A Facebook group calling itself “strongly against mainland mothers delivering children in Hong Kong” refers to such expectant women as “grasshoppers”.

The issue has come to the fore as first-time home buyers in the city complain about being priced out of the property market because an influx of wealthy mainland Chinese has driven prices to records. On Monday the Hong Kong government’s education bureau told the South China Morning Post that the number of mainland-born children studying in Hong Kong’s school system had increased to 9,899 last year, more than double the figure five years ago.

The increase in the number of births continues to prompt anxiety, especially in Hong Kong’s public hospitals.

“The Hong Kong medical system is beyond overheated. It will become unsafe. We say we must cap the number of deliveries,” warns Cheung Tak Hong, who heads the obstetrics and gynecology department at the Prince of Wales public hospital in Shatin, not far from Hong Kong’s border with China.

In response to the pressure, York Chow, Hong Kong’s health secretary, last month announced the government would centralize the registration of bookings by all prospective mothers who were not residents of the city and tighten checks to ensure the pregnancies were uncomplicated.

Many observers see this as the first step towards an eventual cap on the number of spaces available in private hospitals to mainland mothers-to-be.

Private hospitals have been criticized for using agents to solicit more business from across the border.

At the privately owned Baptist Hospital a sign reads: “Strictly prohibit agent to promote business.” Underneath it, Ma Sheung Fong, an agent who arranges for mainland mothers to give birth in Hong Kong hospitals, is boasting about how good business is.
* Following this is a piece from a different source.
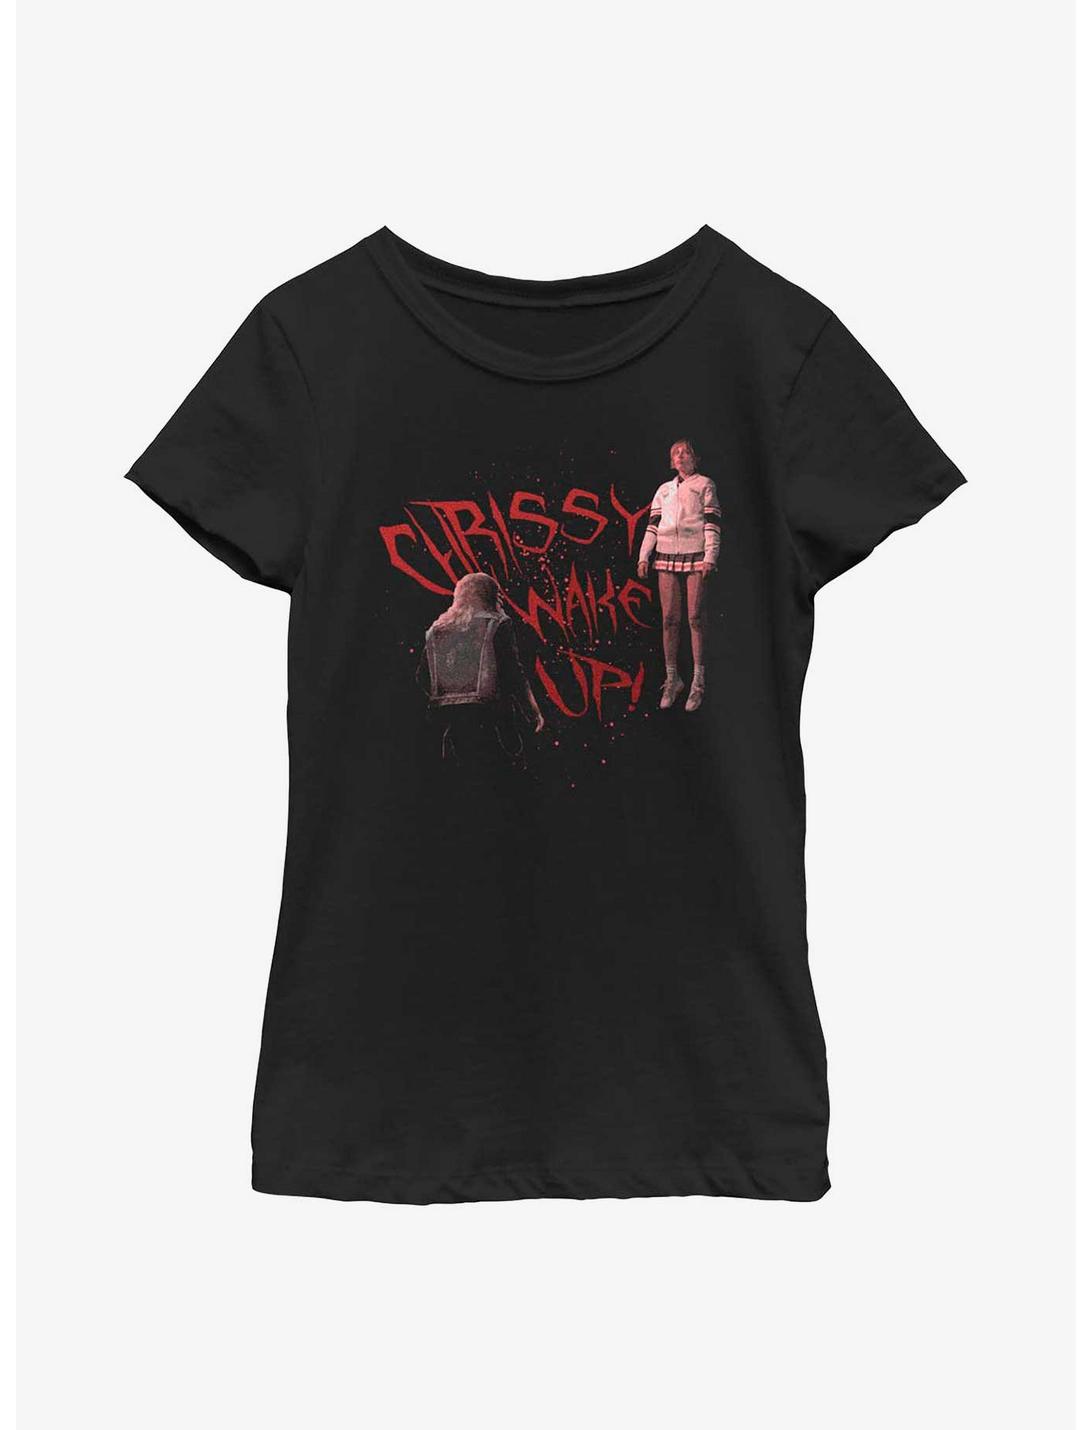 Stranger Things Chrissy Wake Up! Youth Girls T-Shirt, BLACK, hi-res
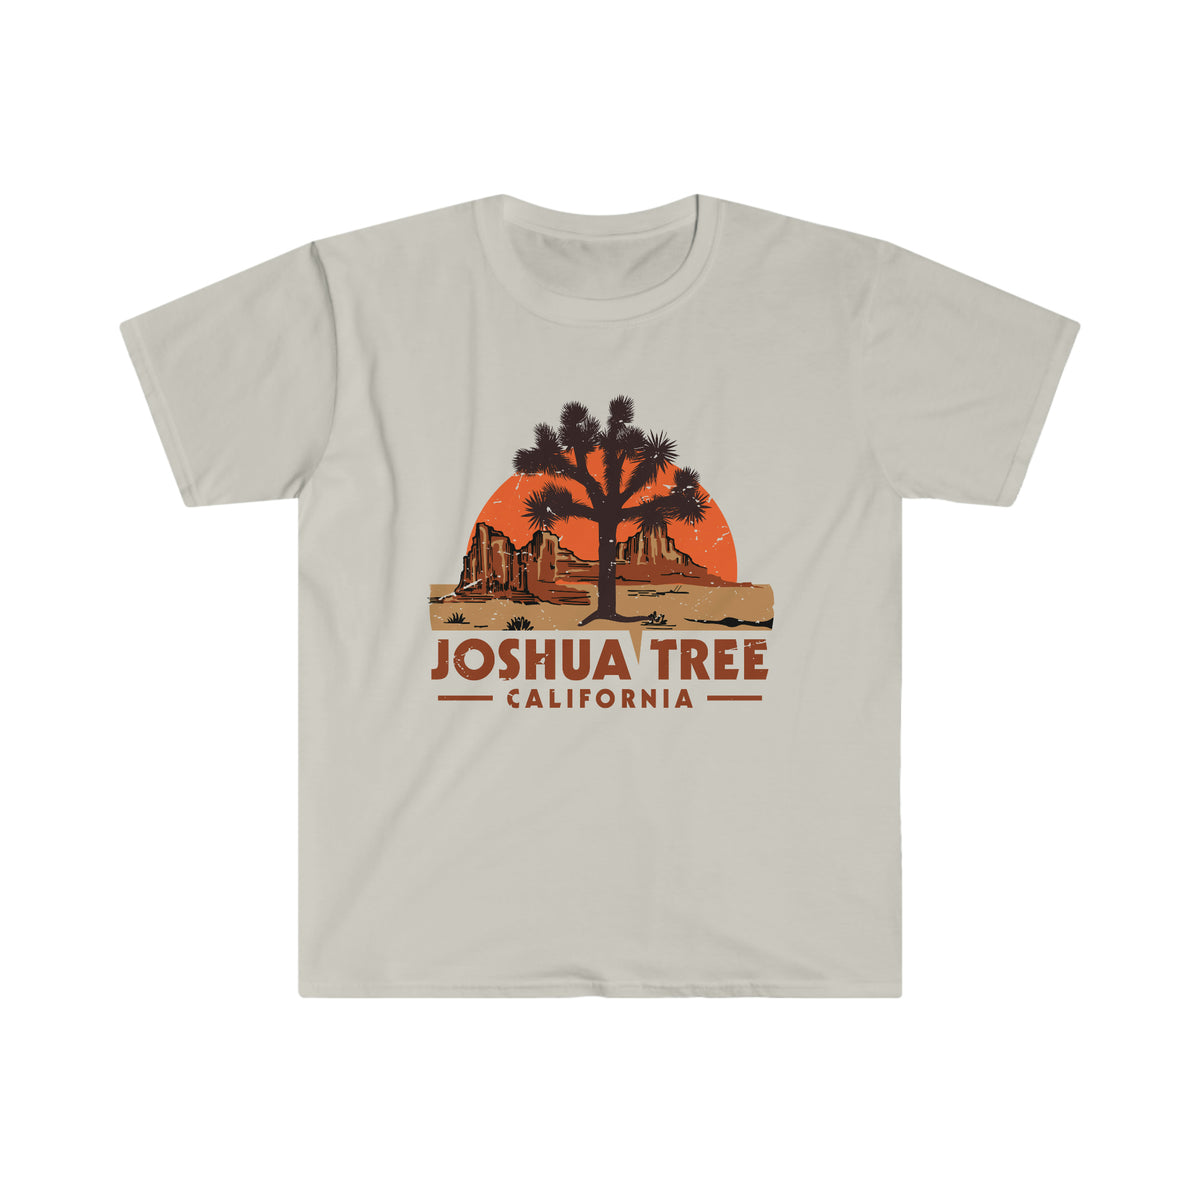 Joshua Tree California National Park Shirt | Outdoor Camping Shirt | Unisex Soft Style T-Shirt

Ma is from Hunan and the agency she runs — Hong Kong Good Baby — typically charges US$2,200 to reserve a bed, pay for a week’s medical checks and process the documentation needed for permanent residency. In 2007 Hong Kong’s Hospital Authority instituted a maternity package fee of HK$39,000 (US$5,000) for mainland women wanting to give birth in Hong Kong, but that has not reduced the number of women seeking residency for their children in the city.

Ahead of the government’s announcement last month, a number of public hospitals said they would no longer take bookings from pregnant mainland women for the foreseeable future.

Dr Cheung at Prince of Wales hospital — though alarmed by the coachloads of mothers being ferried across the border into Hong Kong by agents — says he understands the rationale. “It’s parents trying to give their children a better chance,” he says.